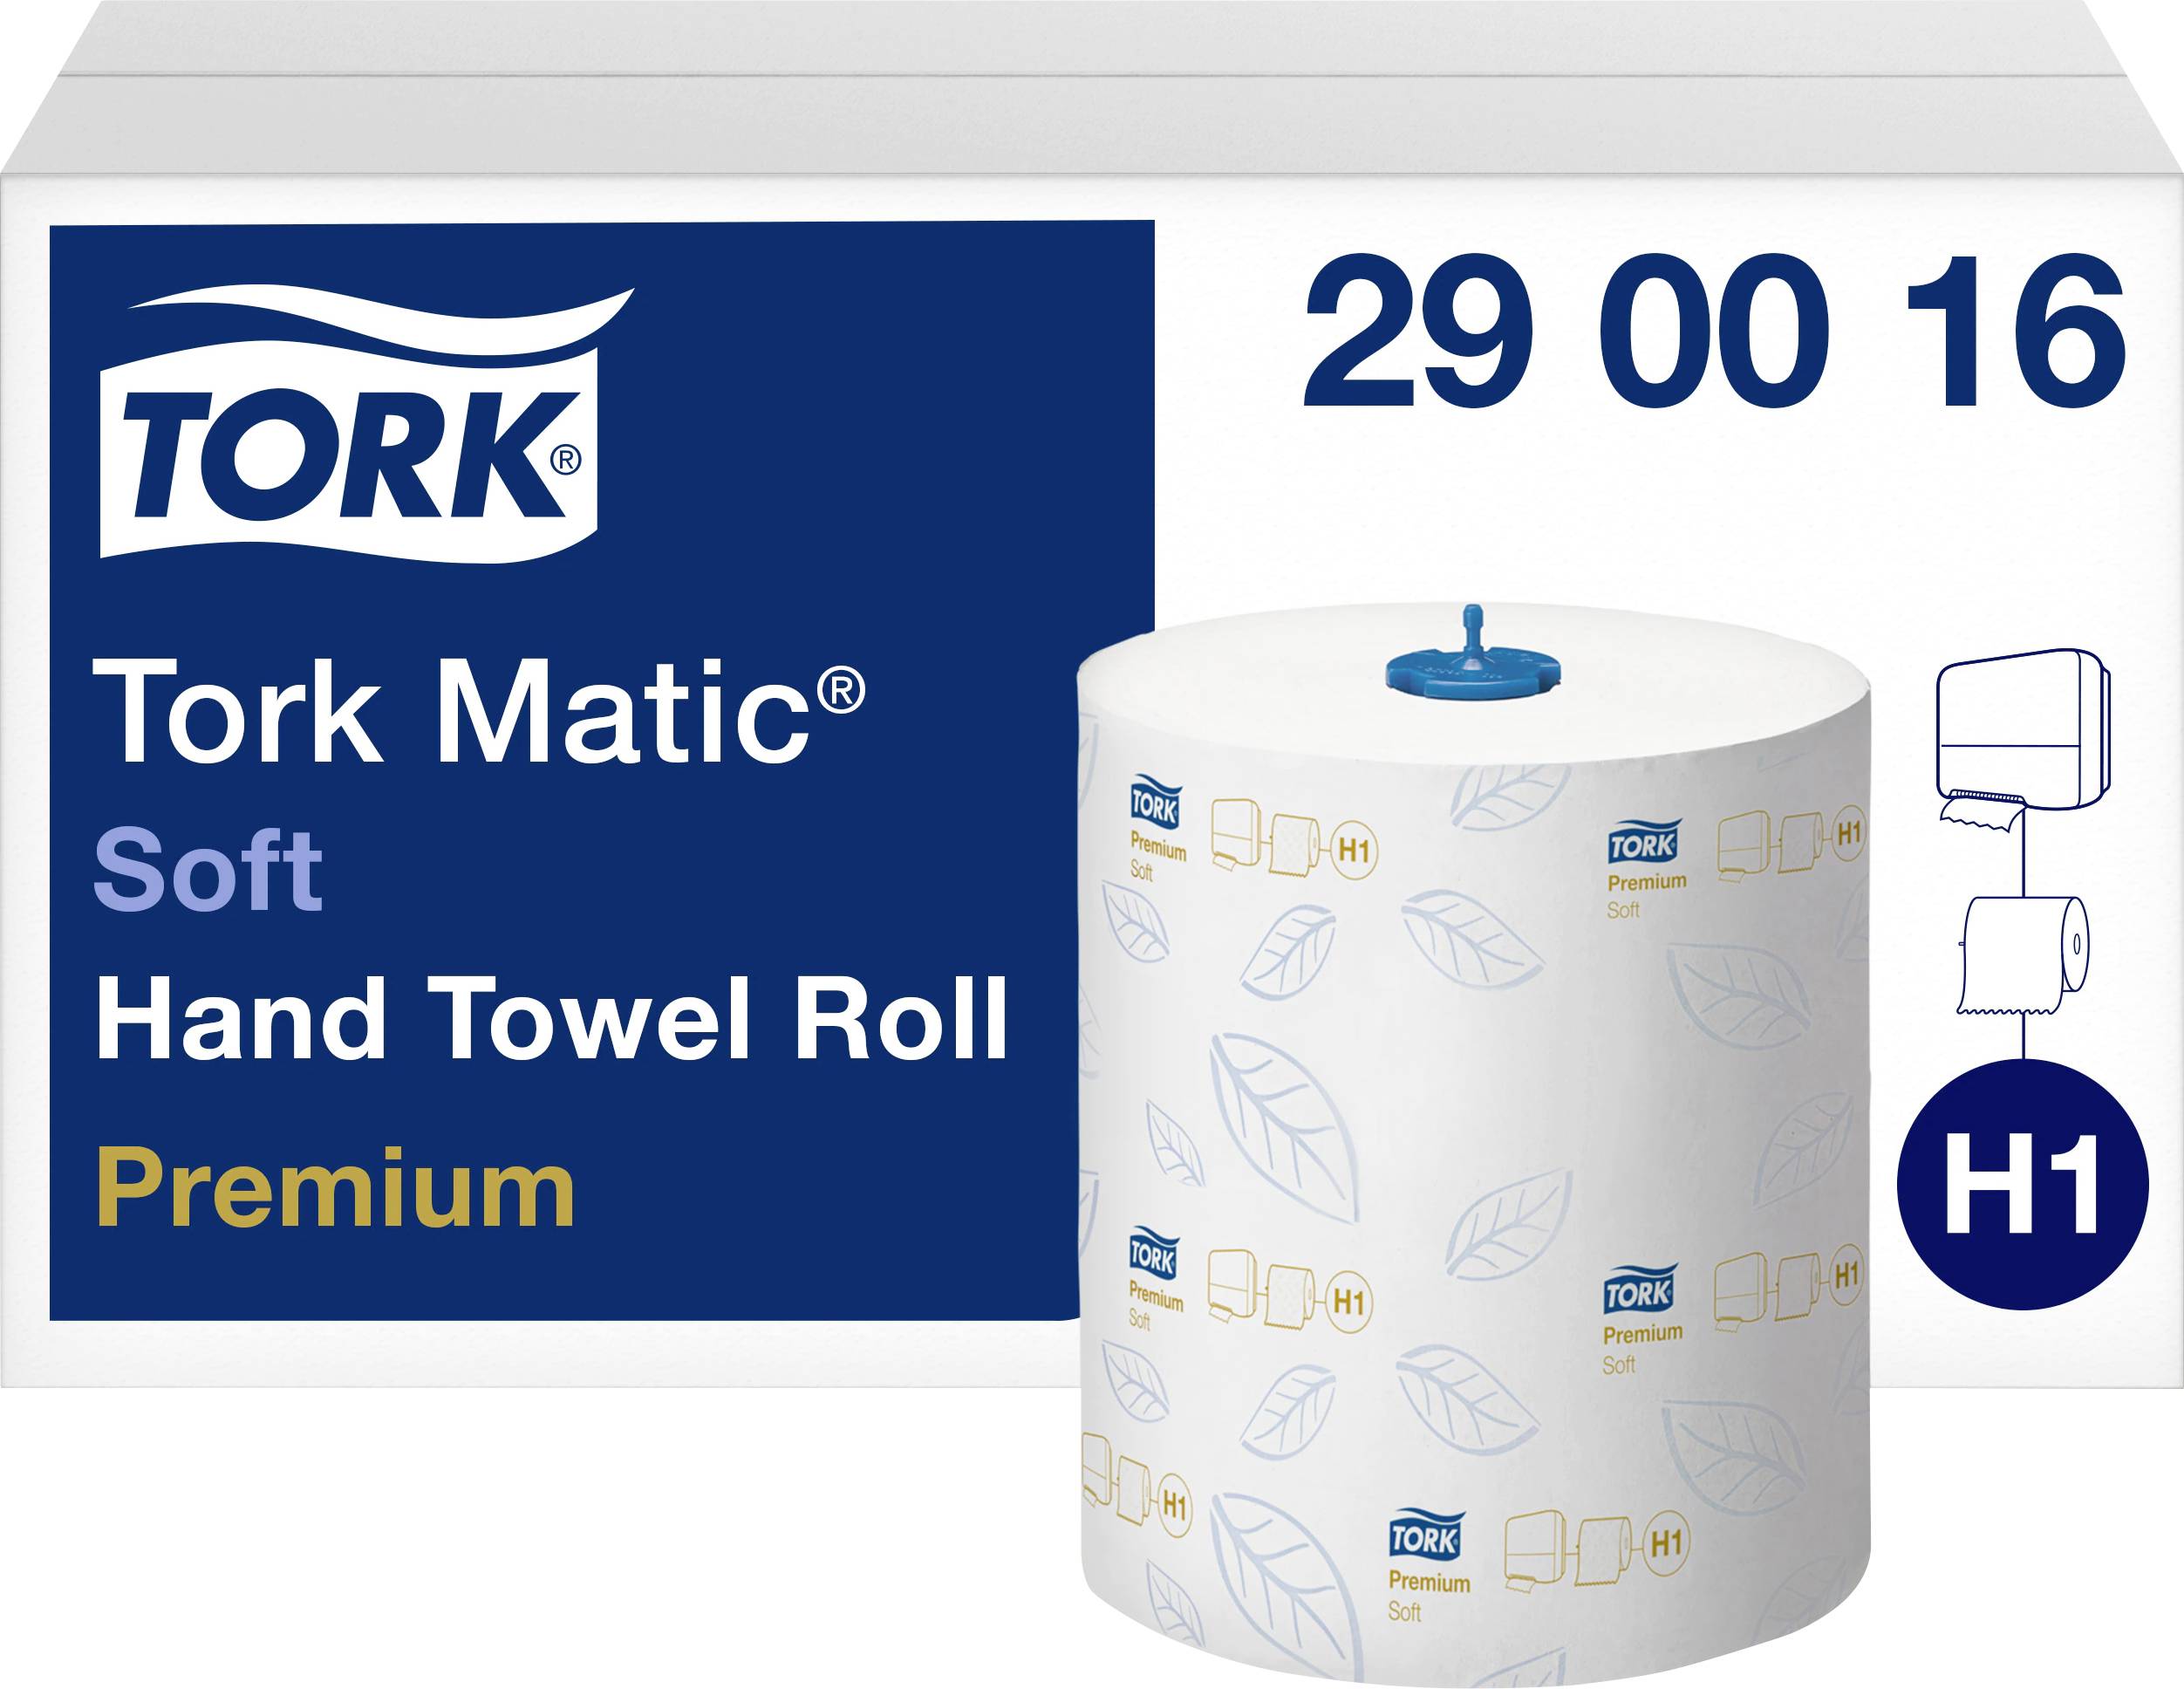 Полотенце h1. Полотенца бумажные Tork matic Premium 290016. Бумажные полотенца торк h1. Полотенца бумажные Pingo (белые), 2-сл рулон. Tork 110225.
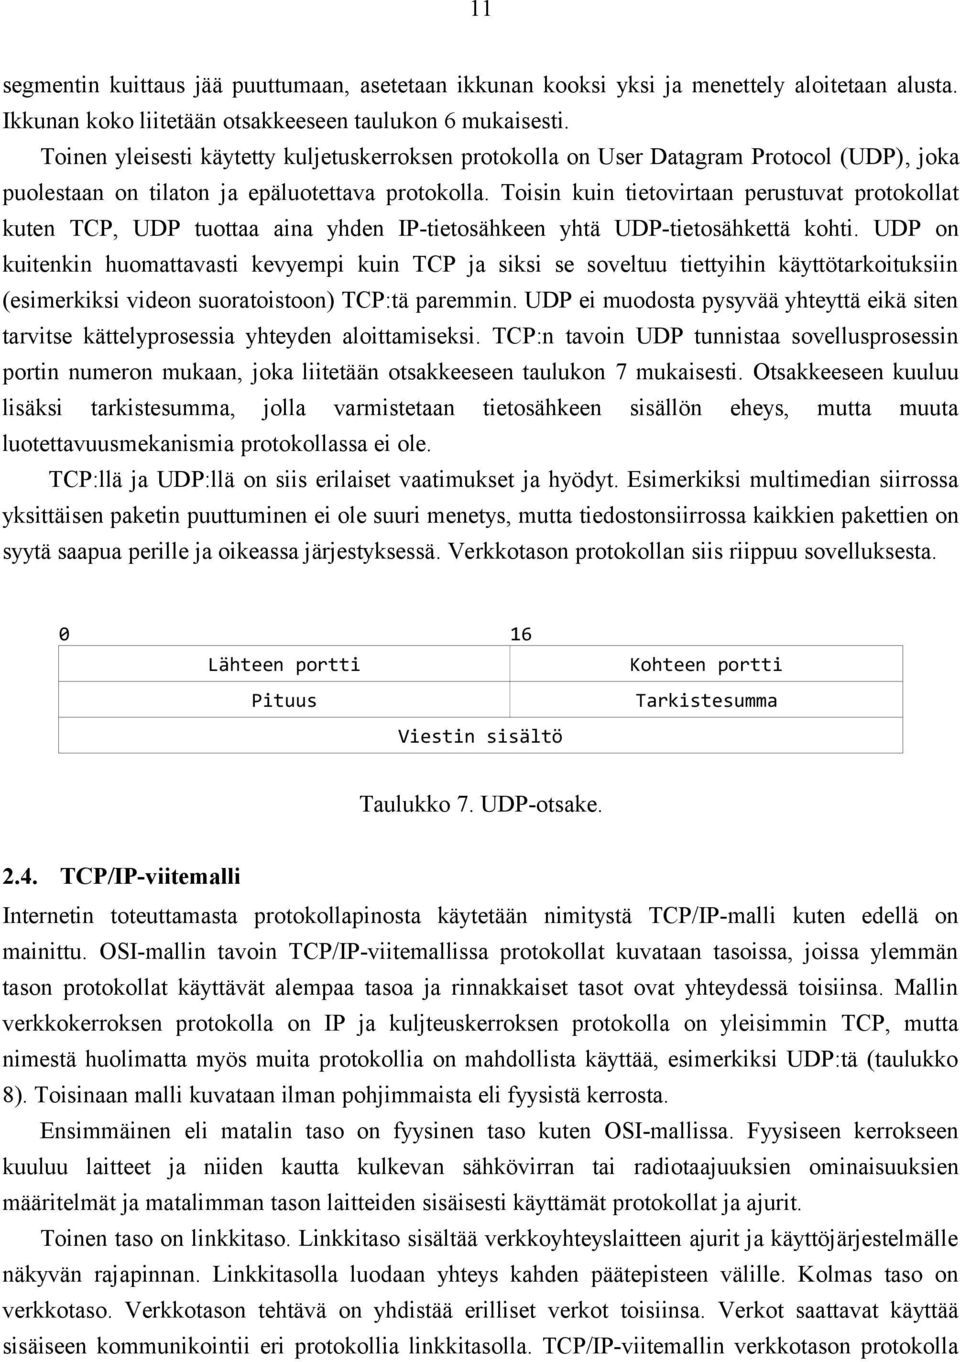 Toisin kuin tietovirtaan perustuvat protokollat kuten TCP, UDP tuottaa aina yhden IP-tietosähkeen yhtä UDP-tietosähkettä kohti.
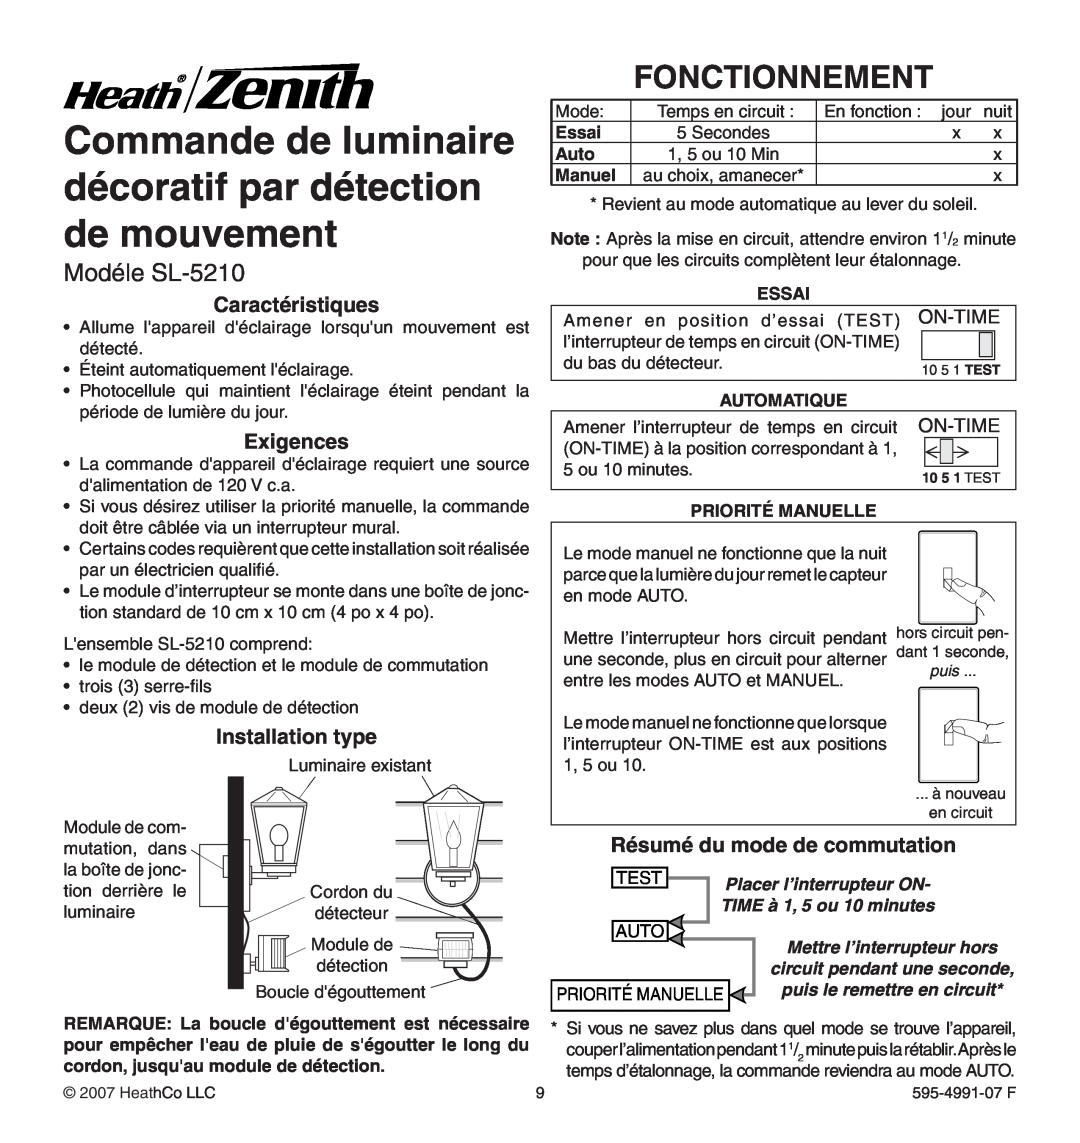 Heath Zenith Fonctionnement, Modéle SL-5210, Caractéristiques, Exigences, Installation type, Essai, Auto, Manuel, Test

Task to complete :: Beginning at the line that contains "Toisin kuin tietovirtaan" and ending at the last line of the data, return each line exactly; no picture belongs in the copy.

Task response ::
 Toisin kuin tietovirtaan perustuvat protokollat kuten TCP, UDP tuottaa aina yhden IP-tietosähkeen yhtä UDP-tietosähkettä kohti.
 Heath Zenith Fonctionnement, Modéle SL-5210, Caractéristiques, Exigences, Installation type, Essai, Auto, Manuel, Test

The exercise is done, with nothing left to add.